Fitted means use least squares to predict the mean response values in a factorial design. Data means use the raw response variable means for each factor level combination.
The fitted means are useful because the data means might not be good indicators of main effects and interaction effects. Differences between the data means can represent unbalanced experimental conditions instead of differences due to changes in the factor levels. Fitted means solve this problem by estimating the results of a balanced design.

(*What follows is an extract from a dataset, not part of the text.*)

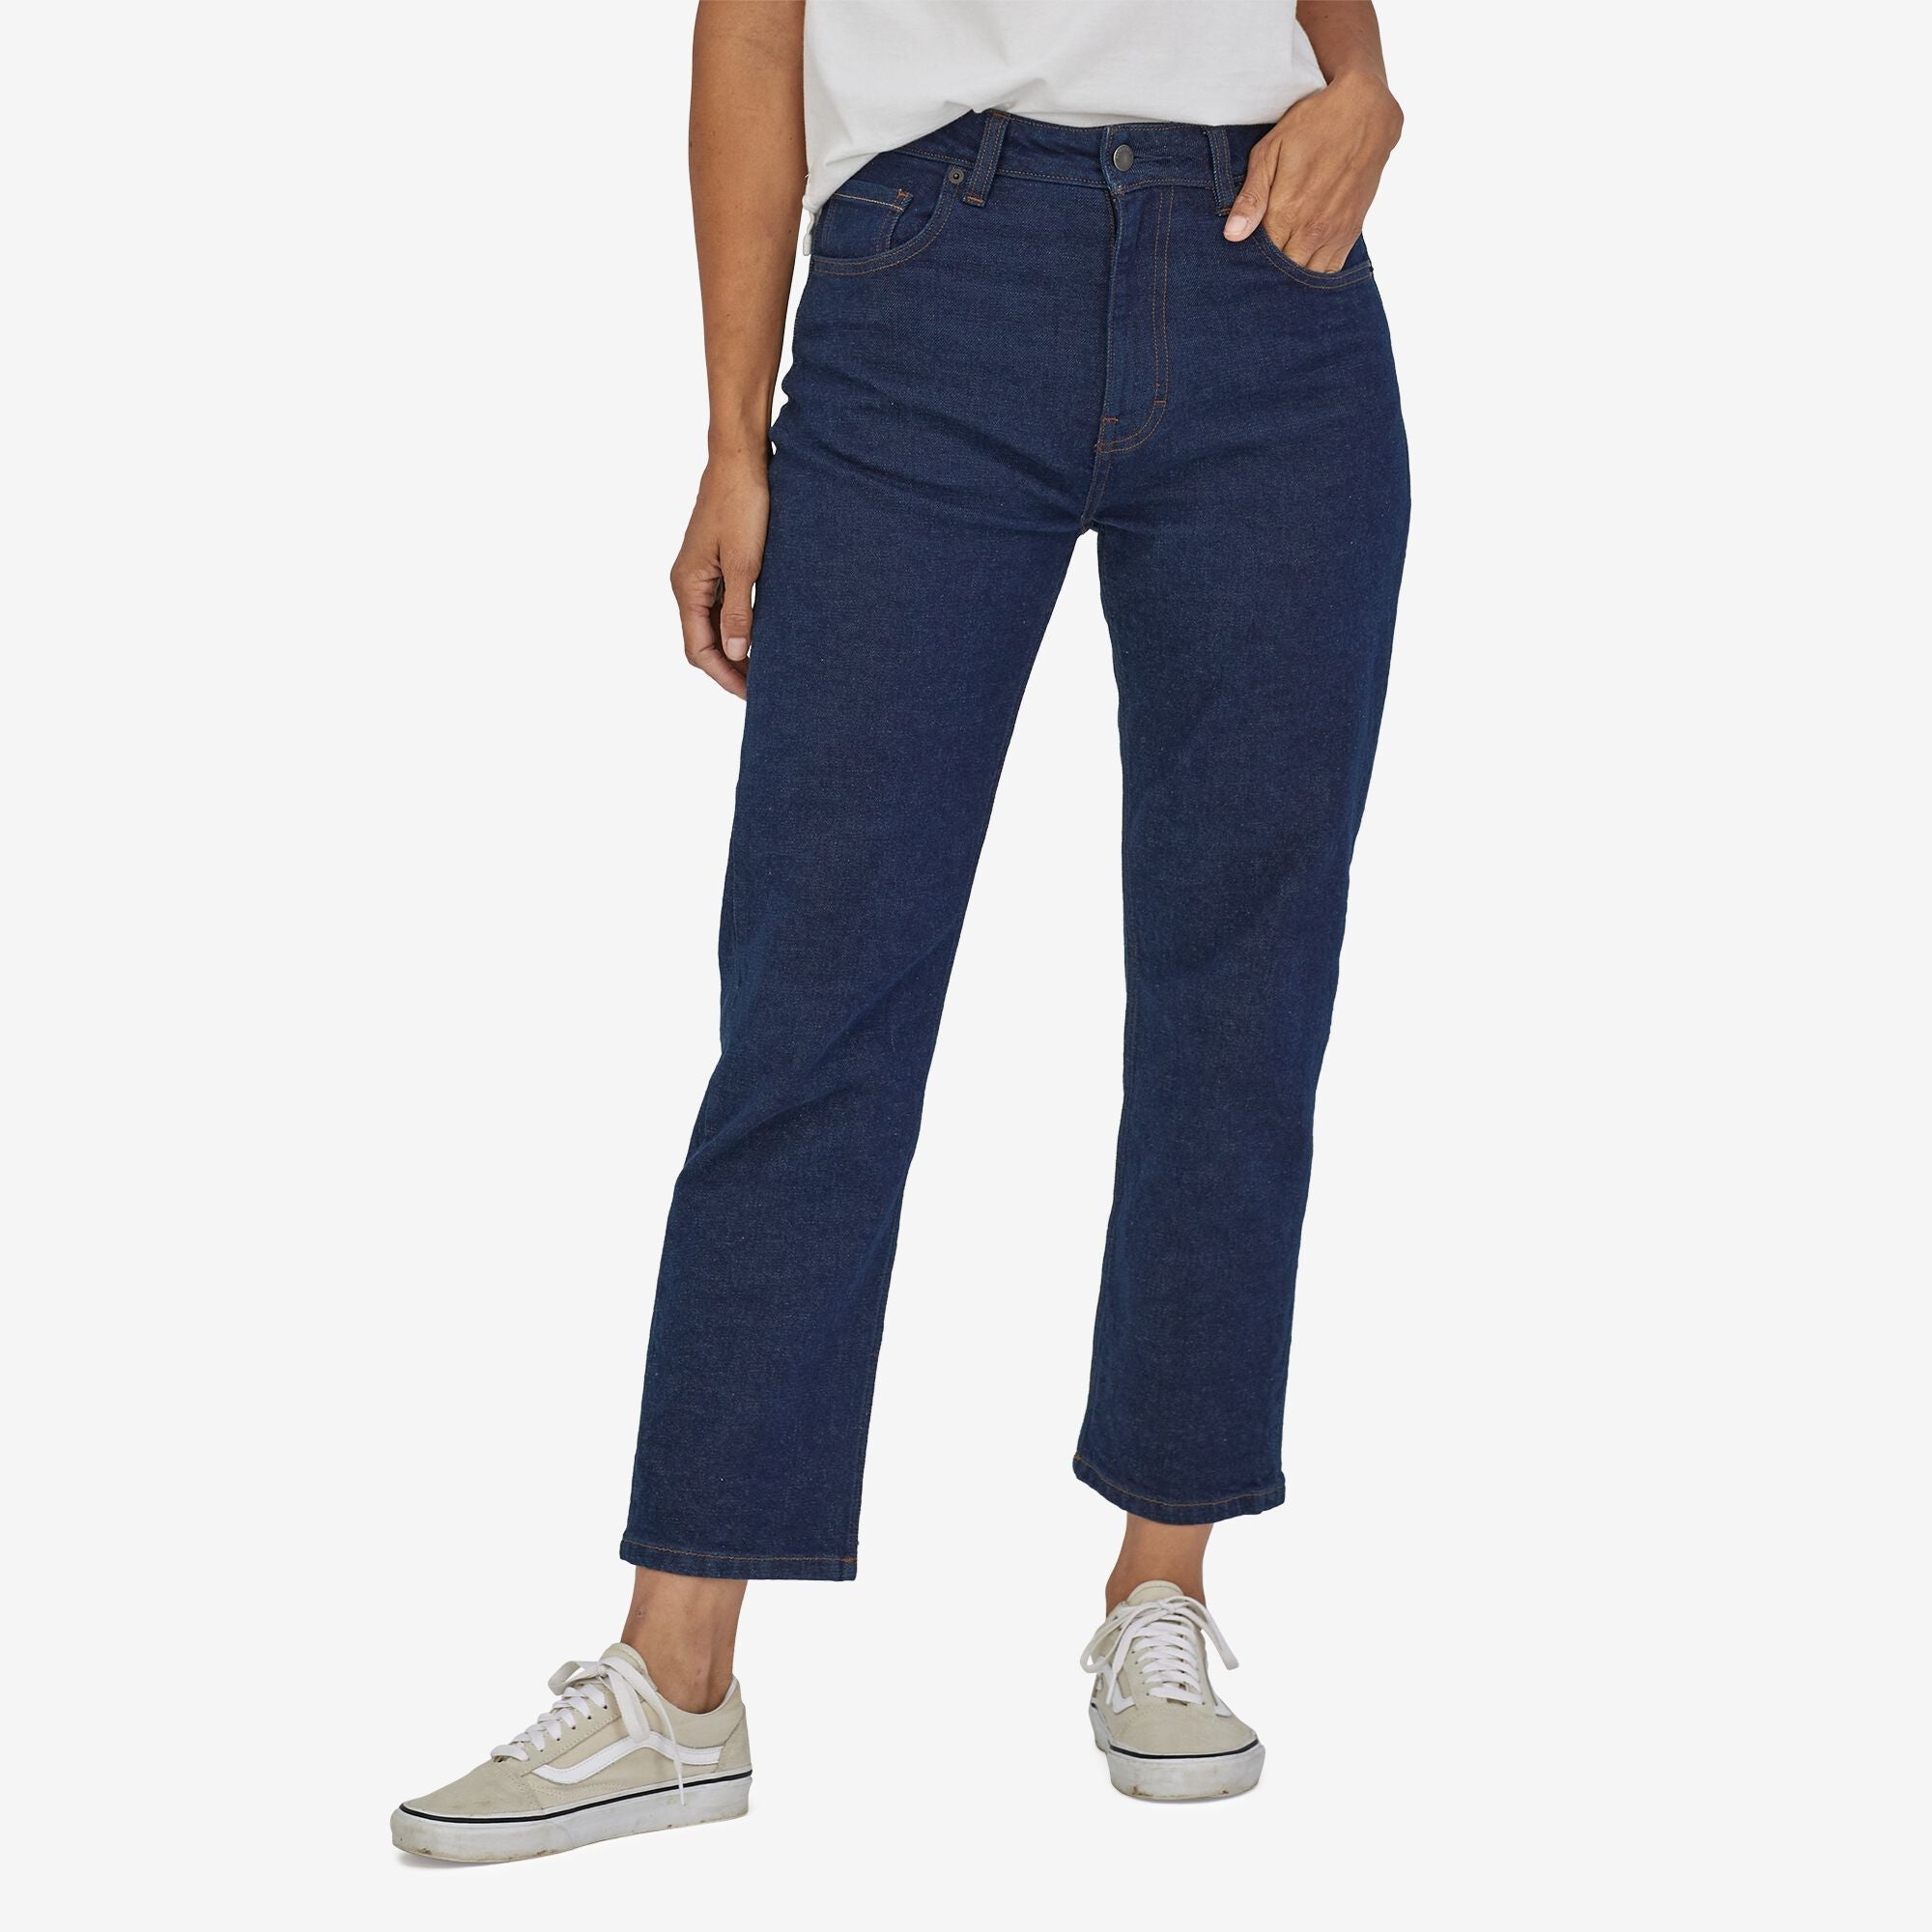 Seasonal & Casual Jeans for Women Australia - Women's Jeans - STMRLO

Use the Means table to understand the statistically significant differences between the factor levels. The mean of each group provides an estimate of each population mean. Look for differences between group means for terms that are statistically significant.
For main effects, the table displays the groups within each factor and their means. For interaction effects, the table displays all possible combinations of the groups. If an interaction term is statistically significant, do not interpret the main effects without considering the interaction effects.
In these results, the Means table shows how the strength of insulation varies by material, injection pressure, injection temperature, and cooling temperature. All of the factors are statistically significant at the 0.05 level. However, because the interaction between injection temperature and cooling temperature is also statistically significant at the 0.05 level, do not interpret the main effects without considering the interaction effects.
For example, the table for the interaction term shows that with an injection temperature of 85, a change in cooling temperature from 25 to 45 is associated with a mean decrease in insulation strength of about 6 units. However, with an injection temperature of 100, a decrease in cooling temperature from 25 to 45 is associated with a mean change in insulation strength of only about 2 units.
The standard error of the mean (SE Mean) estimates the variability between fitted means that you would obtain if you took samples from the same population again and again.
For example, you have a mean delivery time of 3.80 days, with a standard deviation of 1.43 days, from a random sample of 312 delivery times. These numbers yield a standard error of the mean of 0.08 days (1.43 divided by the square root of 312). If you took multiple random samples of the same size, from the same population, the standard deviation of those different sample means would be around 0.08 days.
Use the standard error of the mean to determine how precisely the fitted mean estimates the population mean.
A smaller value of the standard error of the mean indicates a more precise estimate of the population mean. Usually, a larger standard deviation results in a larger standard error of the mean and a less precise estimate of the population mean. A larger sample size results in a smaller standard error of the mean and a more precise estimate of the population mean.
Data Mean (covariate)
The mean of the covariate is the average of the covariate values, which is the sum of all the observations divided by the number of observations. The mean summarizes the sample values with a single value that represents the center of the covariate values.
This value is the mean of the covariate. Minitab holds the covariate at the mean value when calculating the fitted means for the factors.
Standard Deviation (StDev)
The standard deviation is the most common measure of dispersion, or how spread out the individual covariate values are around the mean.
Use the standard deviation to determine how much the covariate varies around the mean. Minitab holds the covariate at the mean value when calculating the fitted means for the factors.